Reversing. Membership revenue dropped 49% YoY to just $5.9M in Q4. This reflects the discontinuation of lower-tier programs (Connect/Pay-As-You-Fly). While the new 'Signature Membership' sold 600 units, the sheer drop in membership revenue puts immense pressure on Flight Revenue to carry the top line.

THEME

Delta Partnership Synergy

Stable/Positive. Corporate membership is now the fastest-growing segment (+35% YoY sales). The ability to offer hybrid private-commercial itineraries leveraging Delta's network is a unique moat that competitors cannot easily replicate. This segment now represents 40% of total Membership Fund sales.

CONCERNNEW🔴

Transition Costs Weighing on Gross Margin

The company incurred ~$9M in 'non-recurring fleet modernization expenses' in Q4, which dragged Gross Profit down to $12.8M (vs $15.5M prior year). While termed non-recurring, these costs will likely persist through 2026 as the fleet transition concludes, creating a headline drag on margins.

THEMENEW🔴

Technology Investments (Wi-Fi)

Wheels Up is accelerating the installation of streaming-quality satellite Wi-Fi (Gogo Galileo) across the Phenom and Challenger fleet. While an expense now, this addresses a critical competitive disadvantage in the charter market.

Other KPIs

Liquidity (25Q4)$234 Million

Stable. Includes $134M cash and $100M undrawn revolver. Cash burn has moderated significantly due to the sale-leaseback transaction ($30M net proceeds) and improved operating cash flow.
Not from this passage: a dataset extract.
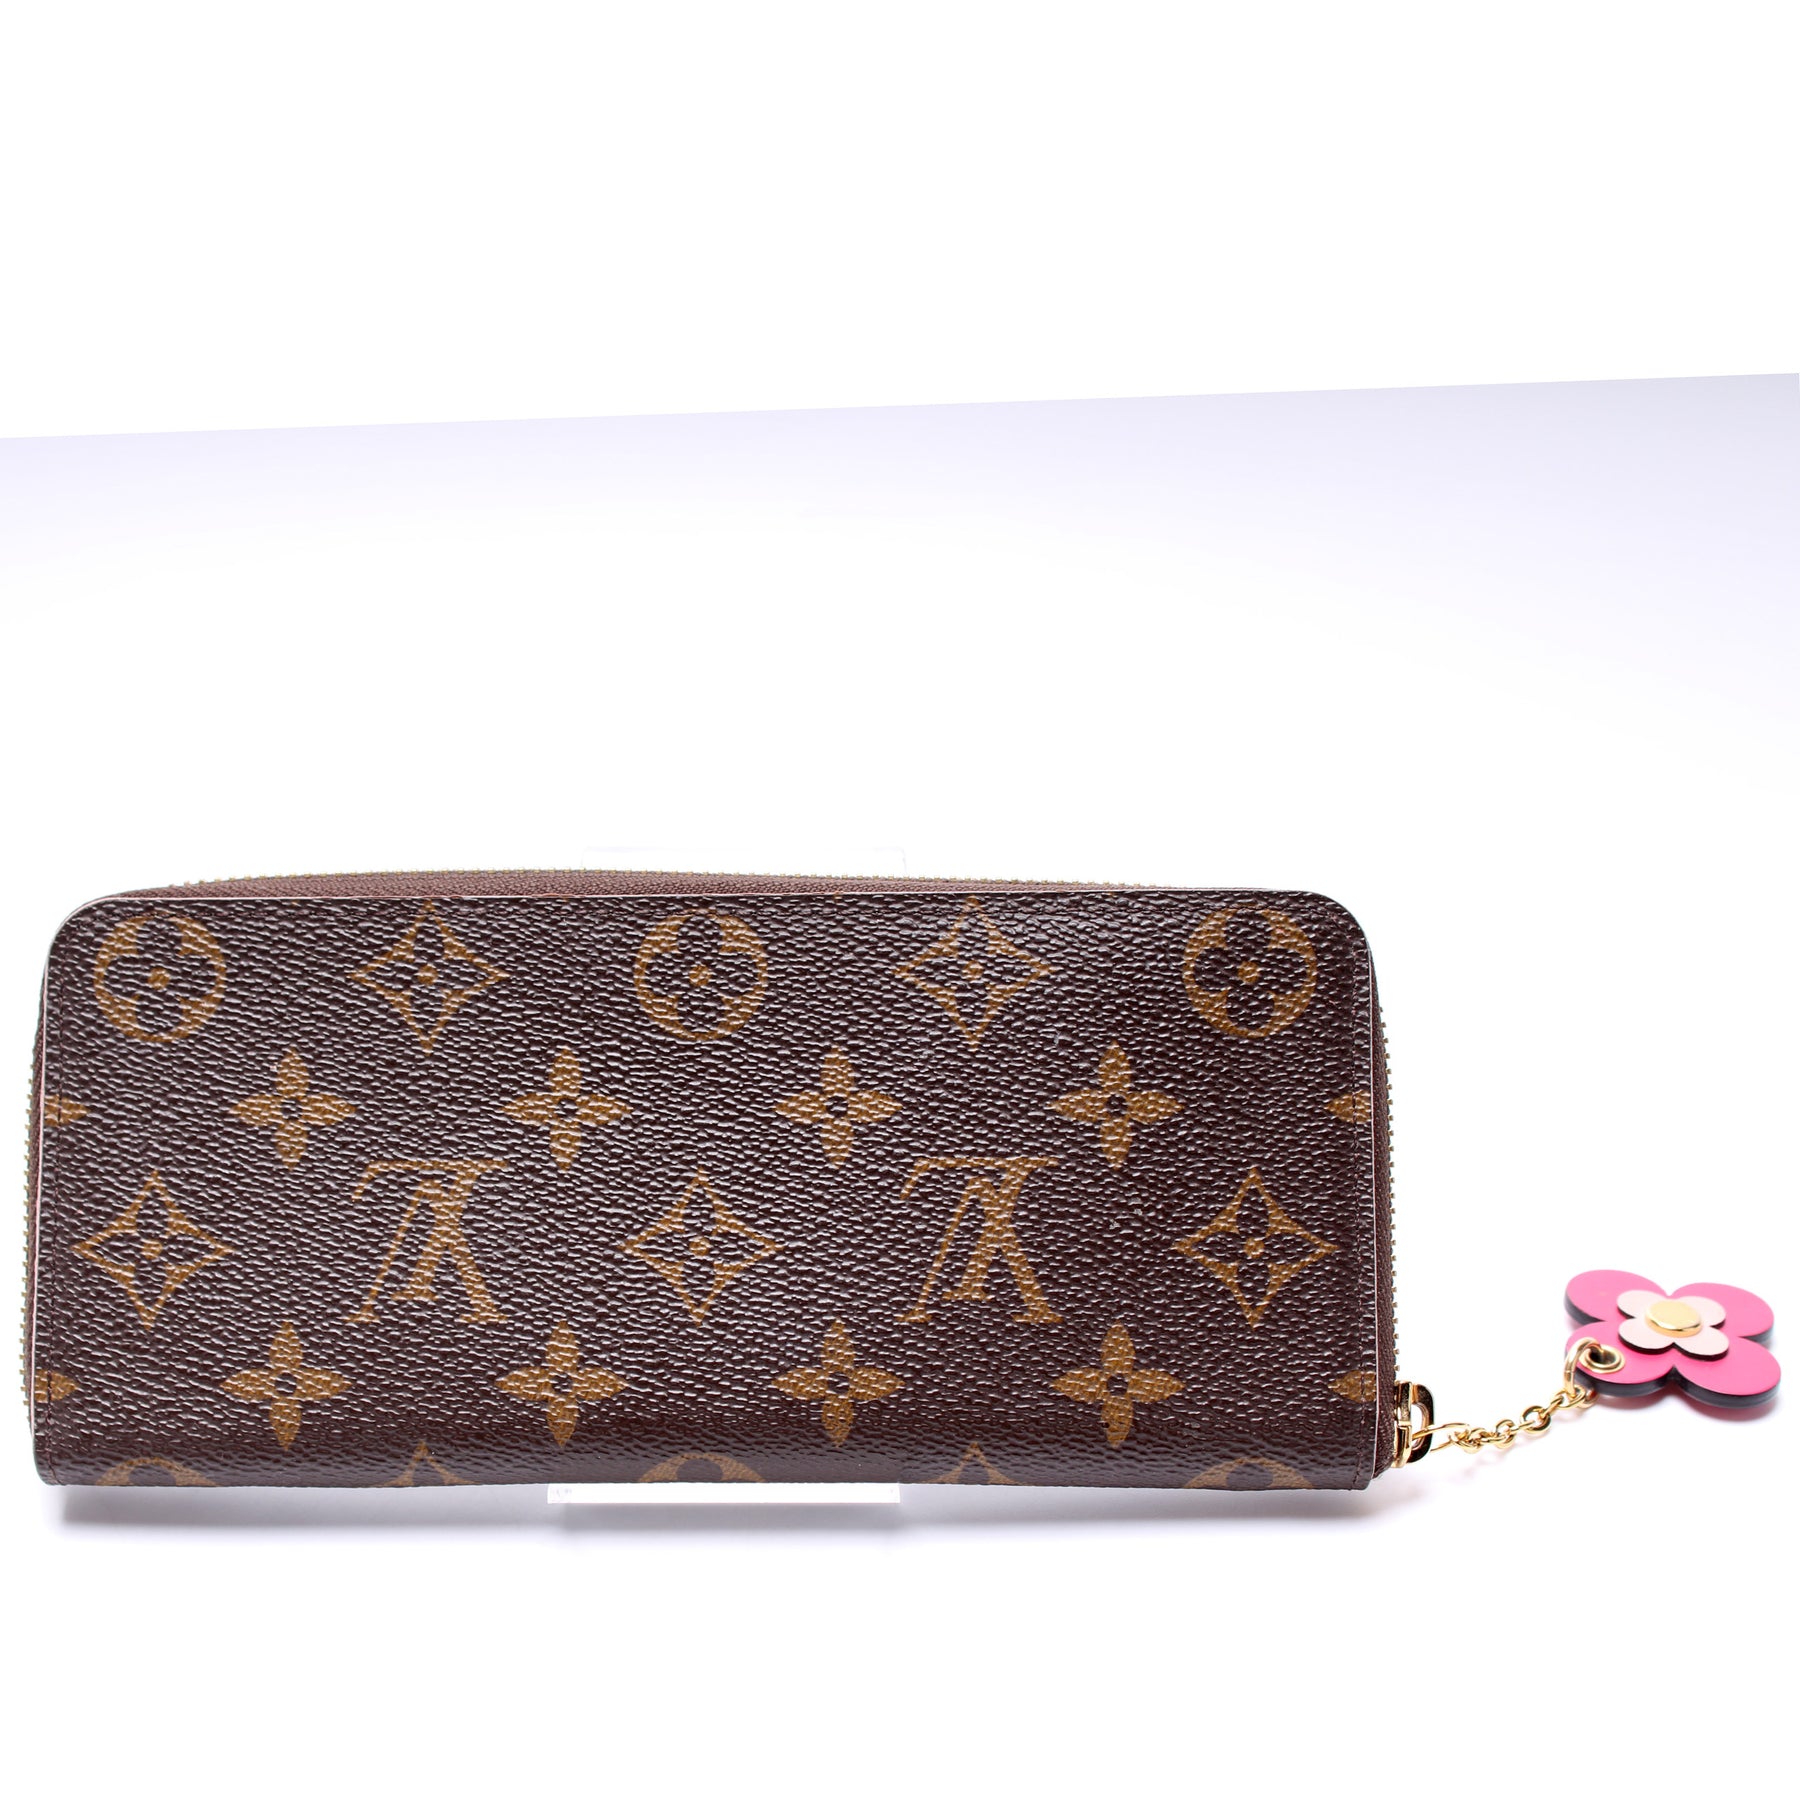 pink lv clemence wallet

This runway appears sufficient to complete the fleet transition in 2026.

Adjusted Contribution Margin (25Q4)19.1%

Stable. Flat vs 19.3% in 24Q4. Management estimates 'transitory inefficiencies' from fleet modernization impacted this by ~3.5 percentage points. Without these, margin would have been ~22.6%, indicating strong underlying unit economics.

Total Gross Bookings (25Q4)$269 Million

Decelerating. Down 14% YoY from $314M. Private Jet Gross Bookings were flat (-1%), indicating the decline is largely driven by lower group charter sales and divested non-core businesses.

Guidance

Fleet Transition TimelineComplete by End of 2026

Accelerating. The company expects to exit legacy fleets and have new livery/interiors on half the premium fleet by year-end 2026. This is pulled forward from the original mid-2027 timeline.

Cost Reductions$70M Annual Run-Rate

Stable. The company continues to execute toward this target through organizational streamlining and fleet simplification. Early progress contributed to the Q4 net loss improvement.

Revenue GrowthN/A (No specific range)

Management stated they are advancing toward 'sustainable, profitable growth' in 2026 but did not provide a specific revenue target. Given the -10% YoY contraction in Q4, the pivot to growth remains the key 'show me' metric for FY26.

Key Questions

Revenue Inflection Timing

With Revenue down 10% and Bookings down 14% in Q4, at what point in FY26 do you expect the top line to stabilize and return to growth?

One-Time vs. Recurring EBITDA

Q4 Adjusted EBITDA benefited from a $24M gain on sale-leasebacks. How much of the $33M positive EBITDA is structural operating improvement versus transactional gains?

Membership Revenue Floor

Membership revenue has halved YoY. Is the $5.9M quarterly run-rate the bottom, or should we expect further compression as legacy programs fully roll off?